::: Stored data :::

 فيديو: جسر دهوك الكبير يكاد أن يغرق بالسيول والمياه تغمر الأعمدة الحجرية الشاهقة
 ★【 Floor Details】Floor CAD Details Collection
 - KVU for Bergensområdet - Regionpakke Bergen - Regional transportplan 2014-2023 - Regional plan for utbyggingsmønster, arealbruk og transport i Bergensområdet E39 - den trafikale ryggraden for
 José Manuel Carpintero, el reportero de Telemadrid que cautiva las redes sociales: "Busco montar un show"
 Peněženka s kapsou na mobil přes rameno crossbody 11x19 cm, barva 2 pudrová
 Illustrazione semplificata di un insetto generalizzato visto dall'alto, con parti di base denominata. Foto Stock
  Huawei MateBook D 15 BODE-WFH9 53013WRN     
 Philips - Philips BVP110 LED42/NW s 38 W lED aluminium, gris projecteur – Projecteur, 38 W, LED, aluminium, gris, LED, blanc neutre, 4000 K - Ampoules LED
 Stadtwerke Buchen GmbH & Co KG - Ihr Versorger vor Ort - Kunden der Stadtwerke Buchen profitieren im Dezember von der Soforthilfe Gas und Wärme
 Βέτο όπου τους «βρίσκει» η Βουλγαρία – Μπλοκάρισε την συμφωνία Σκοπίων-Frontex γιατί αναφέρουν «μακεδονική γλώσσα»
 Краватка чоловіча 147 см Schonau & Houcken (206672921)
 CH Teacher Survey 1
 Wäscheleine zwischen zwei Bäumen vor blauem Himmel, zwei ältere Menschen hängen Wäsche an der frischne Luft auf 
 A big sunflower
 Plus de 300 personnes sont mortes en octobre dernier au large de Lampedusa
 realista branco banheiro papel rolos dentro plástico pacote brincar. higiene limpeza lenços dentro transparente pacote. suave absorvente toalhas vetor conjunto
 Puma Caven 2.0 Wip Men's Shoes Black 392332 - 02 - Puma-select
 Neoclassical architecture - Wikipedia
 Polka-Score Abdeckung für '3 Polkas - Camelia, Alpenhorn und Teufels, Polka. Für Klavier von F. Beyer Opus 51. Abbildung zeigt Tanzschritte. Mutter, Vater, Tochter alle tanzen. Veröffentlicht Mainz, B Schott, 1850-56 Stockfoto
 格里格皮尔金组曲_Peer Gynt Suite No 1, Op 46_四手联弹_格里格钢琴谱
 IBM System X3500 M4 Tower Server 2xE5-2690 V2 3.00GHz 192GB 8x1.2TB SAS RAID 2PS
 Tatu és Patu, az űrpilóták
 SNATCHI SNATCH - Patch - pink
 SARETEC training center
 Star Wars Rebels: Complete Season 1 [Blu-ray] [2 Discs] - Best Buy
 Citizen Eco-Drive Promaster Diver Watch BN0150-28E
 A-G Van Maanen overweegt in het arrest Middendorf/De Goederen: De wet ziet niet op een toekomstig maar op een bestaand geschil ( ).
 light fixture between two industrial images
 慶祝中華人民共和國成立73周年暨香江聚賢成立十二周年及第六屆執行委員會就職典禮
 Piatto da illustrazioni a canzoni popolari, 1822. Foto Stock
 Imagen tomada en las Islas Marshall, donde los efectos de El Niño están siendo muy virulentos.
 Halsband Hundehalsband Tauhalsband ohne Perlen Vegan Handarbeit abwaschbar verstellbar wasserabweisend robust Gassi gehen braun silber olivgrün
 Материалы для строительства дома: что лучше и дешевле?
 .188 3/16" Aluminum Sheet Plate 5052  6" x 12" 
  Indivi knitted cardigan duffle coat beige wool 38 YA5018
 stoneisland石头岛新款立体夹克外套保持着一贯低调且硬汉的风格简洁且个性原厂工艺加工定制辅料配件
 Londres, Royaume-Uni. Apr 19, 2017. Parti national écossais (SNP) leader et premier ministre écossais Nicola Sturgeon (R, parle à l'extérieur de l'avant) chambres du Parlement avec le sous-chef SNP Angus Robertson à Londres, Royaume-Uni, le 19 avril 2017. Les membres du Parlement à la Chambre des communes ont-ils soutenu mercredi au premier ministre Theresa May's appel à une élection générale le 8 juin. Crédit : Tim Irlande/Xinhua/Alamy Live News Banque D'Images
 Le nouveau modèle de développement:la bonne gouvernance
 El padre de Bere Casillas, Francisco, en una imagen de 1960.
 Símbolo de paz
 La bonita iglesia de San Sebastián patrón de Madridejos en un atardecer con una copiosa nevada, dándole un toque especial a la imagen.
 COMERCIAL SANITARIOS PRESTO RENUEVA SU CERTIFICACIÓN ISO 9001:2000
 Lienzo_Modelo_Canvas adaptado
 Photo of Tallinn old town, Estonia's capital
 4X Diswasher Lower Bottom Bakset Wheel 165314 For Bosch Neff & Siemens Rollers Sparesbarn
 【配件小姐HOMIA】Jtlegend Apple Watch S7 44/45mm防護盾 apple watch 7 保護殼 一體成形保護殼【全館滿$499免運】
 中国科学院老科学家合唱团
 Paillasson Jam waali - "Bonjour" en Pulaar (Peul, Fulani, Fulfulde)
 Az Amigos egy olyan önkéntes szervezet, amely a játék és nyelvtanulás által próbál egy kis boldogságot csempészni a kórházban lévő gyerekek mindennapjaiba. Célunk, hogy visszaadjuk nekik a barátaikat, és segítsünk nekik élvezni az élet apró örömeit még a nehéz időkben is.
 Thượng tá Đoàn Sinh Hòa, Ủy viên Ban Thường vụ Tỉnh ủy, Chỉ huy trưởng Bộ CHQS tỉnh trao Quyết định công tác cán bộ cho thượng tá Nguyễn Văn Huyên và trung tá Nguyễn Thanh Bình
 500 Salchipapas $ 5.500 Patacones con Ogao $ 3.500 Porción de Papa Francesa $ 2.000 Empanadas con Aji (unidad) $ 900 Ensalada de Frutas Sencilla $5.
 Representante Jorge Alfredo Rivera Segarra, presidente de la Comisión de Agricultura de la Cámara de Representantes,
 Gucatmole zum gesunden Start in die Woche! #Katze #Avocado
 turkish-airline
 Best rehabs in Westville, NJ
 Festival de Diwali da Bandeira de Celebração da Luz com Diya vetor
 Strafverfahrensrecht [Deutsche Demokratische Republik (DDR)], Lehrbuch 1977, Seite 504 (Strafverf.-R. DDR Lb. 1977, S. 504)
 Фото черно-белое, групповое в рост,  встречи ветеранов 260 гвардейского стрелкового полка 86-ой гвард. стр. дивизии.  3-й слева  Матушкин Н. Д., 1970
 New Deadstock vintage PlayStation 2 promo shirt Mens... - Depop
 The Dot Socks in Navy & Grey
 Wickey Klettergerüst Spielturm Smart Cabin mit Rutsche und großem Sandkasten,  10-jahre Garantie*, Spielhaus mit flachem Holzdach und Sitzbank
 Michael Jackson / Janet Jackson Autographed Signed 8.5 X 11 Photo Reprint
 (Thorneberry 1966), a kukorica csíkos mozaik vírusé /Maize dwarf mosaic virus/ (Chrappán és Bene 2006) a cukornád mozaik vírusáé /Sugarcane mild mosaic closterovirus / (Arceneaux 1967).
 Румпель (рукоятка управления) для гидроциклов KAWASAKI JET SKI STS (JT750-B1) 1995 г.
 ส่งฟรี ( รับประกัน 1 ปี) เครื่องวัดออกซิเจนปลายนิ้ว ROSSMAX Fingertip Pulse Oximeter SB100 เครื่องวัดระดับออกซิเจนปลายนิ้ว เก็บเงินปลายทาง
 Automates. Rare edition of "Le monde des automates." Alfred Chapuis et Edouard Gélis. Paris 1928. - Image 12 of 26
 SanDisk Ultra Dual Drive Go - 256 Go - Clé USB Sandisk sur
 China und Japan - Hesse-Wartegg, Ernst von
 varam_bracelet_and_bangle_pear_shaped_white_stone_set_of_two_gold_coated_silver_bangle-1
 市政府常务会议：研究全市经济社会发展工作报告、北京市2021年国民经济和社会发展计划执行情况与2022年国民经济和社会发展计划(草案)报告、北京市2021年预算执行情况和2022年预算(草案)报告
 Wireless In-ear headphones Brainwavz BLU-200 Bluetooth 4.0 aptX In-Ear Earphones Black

:::

_Work item_
Retype the records above from the very first line down to the line with "- KVU for Bergensområdet", keeping both of those lines. Include nothing beyond them.

_Task response_
 فيديو: جسر دهوك الكبير يكاد أن يغرق بالسيول والمياه تغمر الأعمدة الحجرية الشاهقة
 ★【 Floor Details】Floor CAD Details Collection
 - KVU for Bergensområdet - Regionpakke Bergen - Regional transportplan 2014-2023 - Regional plan for utbyggingsmønster, arealbruk og transport i Bergensområdet E39 - den trafikale ryggraden for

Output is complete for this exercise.